Build understanding step-by-step: Open → Analyze → Extract claims

In [4]:
from lionagi.fields import Instruct


async def sequential_analysis():
    """Sequential workflow: open → analyze structure → extract claims."""

    # Create branch with ReaderTool
    branch = Branch(
        tools=[ReaderTool], chat_model=iModel(model="openai/gpt-4.1-mini")
    )
    session = Session(default_branch=branch)
    builder = Builder()

    # Step 1: Open and understand document
    doc_reader = builder.add_operation(
        "ReAct",
        node_id="open_document",
        instruct=Instruct(
            instruction="Use ReaderTool to open and analyze the theoretical framework document. Understand its structure and identify sections containing verifiable claims.",
            context={"document_path": str(document_path)},
        ),
        tools=["reader_tool"],
        max_extensions=2,
        verbose=True,
        verbose_length=1000,
    )

    # Step 2: Progressive content analysis
    content_analyzer = builder.add_operation(
        "ReAct",
        node_id="analyze_content",
        depends_on=[doc_reader],
        instruct=Instruct(
            instruction="Read through key sections to identify citations, technical claims, and performance metrics that can be verified."
        ),
        response_format=Outline,
        tools=["reader_tool"],
        max_extensions=3,
        verbose=True,
        verbose_length=1000,
        inherit_context=True,
    )

    # Step 3: Extract specific claims
    claim_extractor = builder.add_operation(
        "ReAct",
        node_id="extract_claims",
        depends_on=[content_analyzer],
        instruct=types.Instruct(
            instruction="Extract 5-7 specific, verifiable claims. Prioritize citations, performance metrics, and technical assertions."
        ),
        response_format=ClaimExtraction,
        tools=["reader_tool"],
        max_extensions=3,
        verbose=True,
        verbose_length=1000,
        inherit_context=True,
    )

    # Execute workflow
    graph = builder.get_graph()
    print("🔗 Executing sequential analysis...")

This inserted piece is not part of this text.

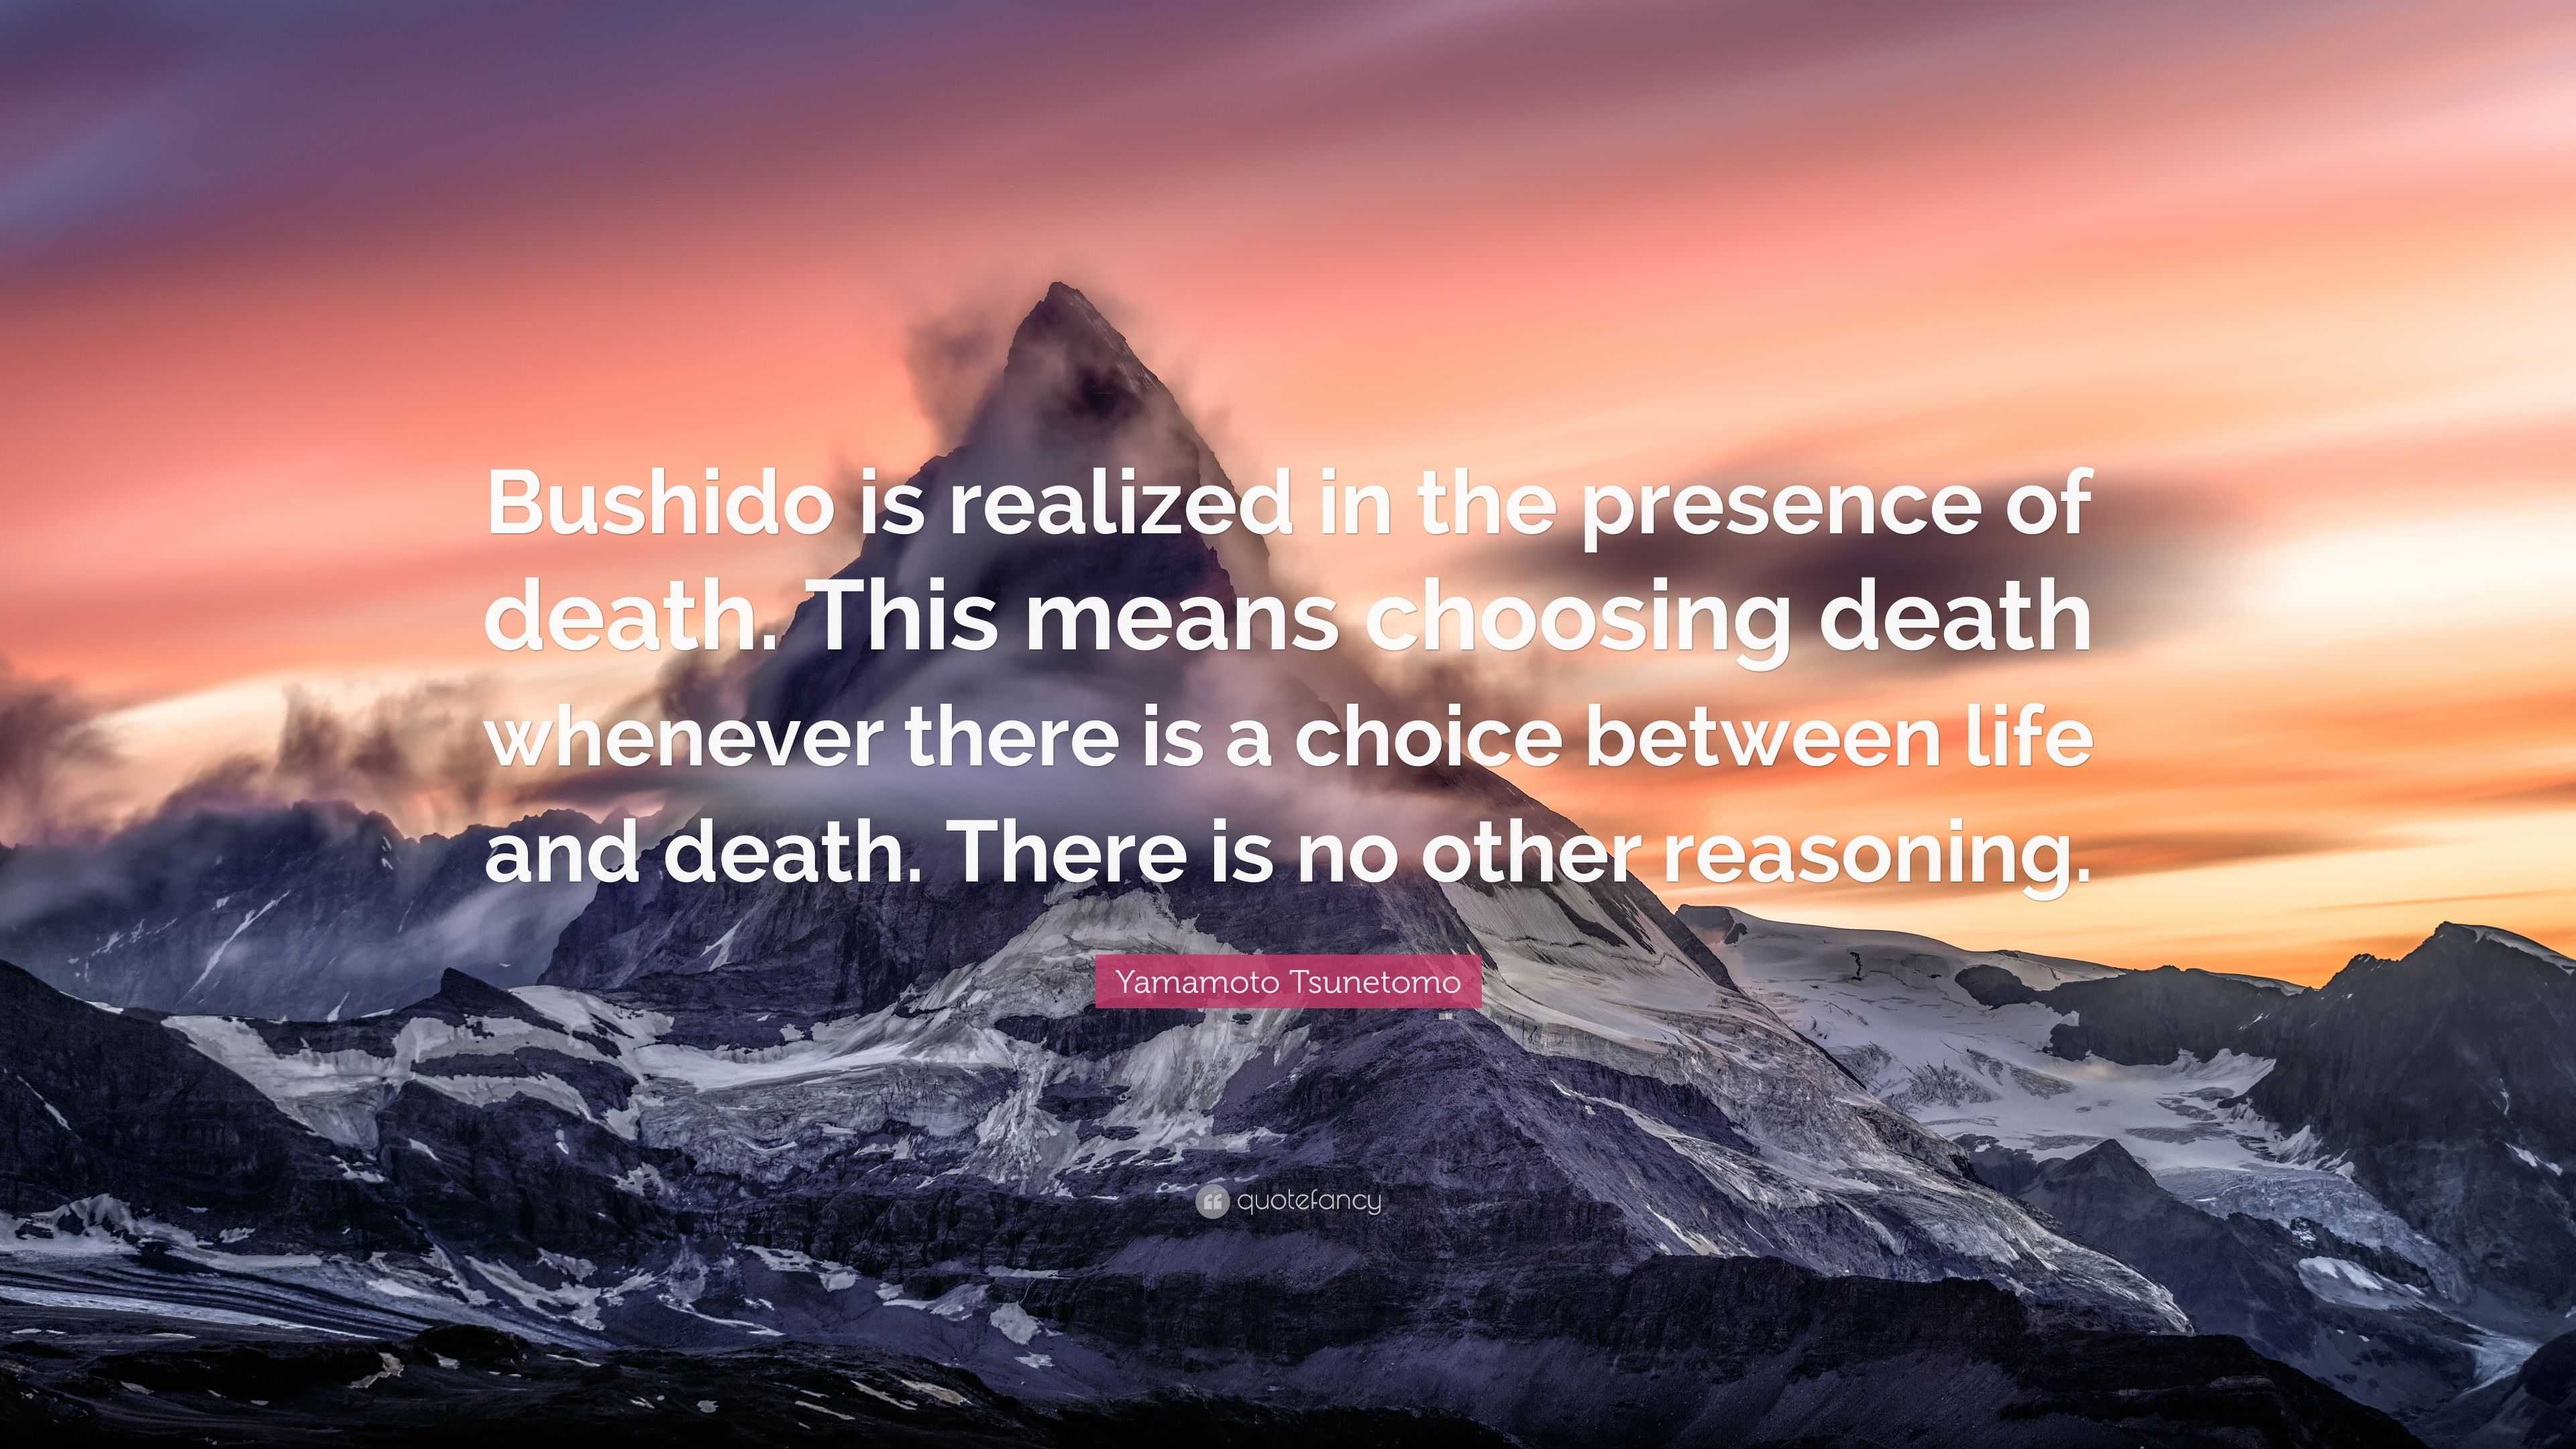 Yamamoto Tsunetomo Quote: “Bushido is realized in the presence of death ...

    result = await session.flow(graph, parallel=False, verbose=True)

    return result


# Execute sequential analysis
result = await sequential_analysis()

🔗 Executing sequential analysis...
Pre-allocated 2 branches
Executing operation: b42e456a


2025-10-15 13:31:53,665 - INFO - detected formats: [<InputFormat.MD: 'md'>]
2025-10-15 13:31:53,667 - INFO - Going to convert document batch...
2025-10-15 13:31:53,668 - INFO - Initializing pipeline for SimplePipeline with options hash 995a146ad601044538e6a923bea22f4e
2025-10-15 13:31:53,679 - INFO - Loading plugin 'docling_defaults'
2025-10-15 13:31:53,681 - INFO - Registered picture descriptions: ['vlm', 'api']
2025-10-15 13:31:53,681 - INFO - Processing document 006_lion_proof_ch2.md
2025-10-15 13:31:54,843 - INFO - Finished converting document 006_lion_proof_ch2.md in 1.18 sec.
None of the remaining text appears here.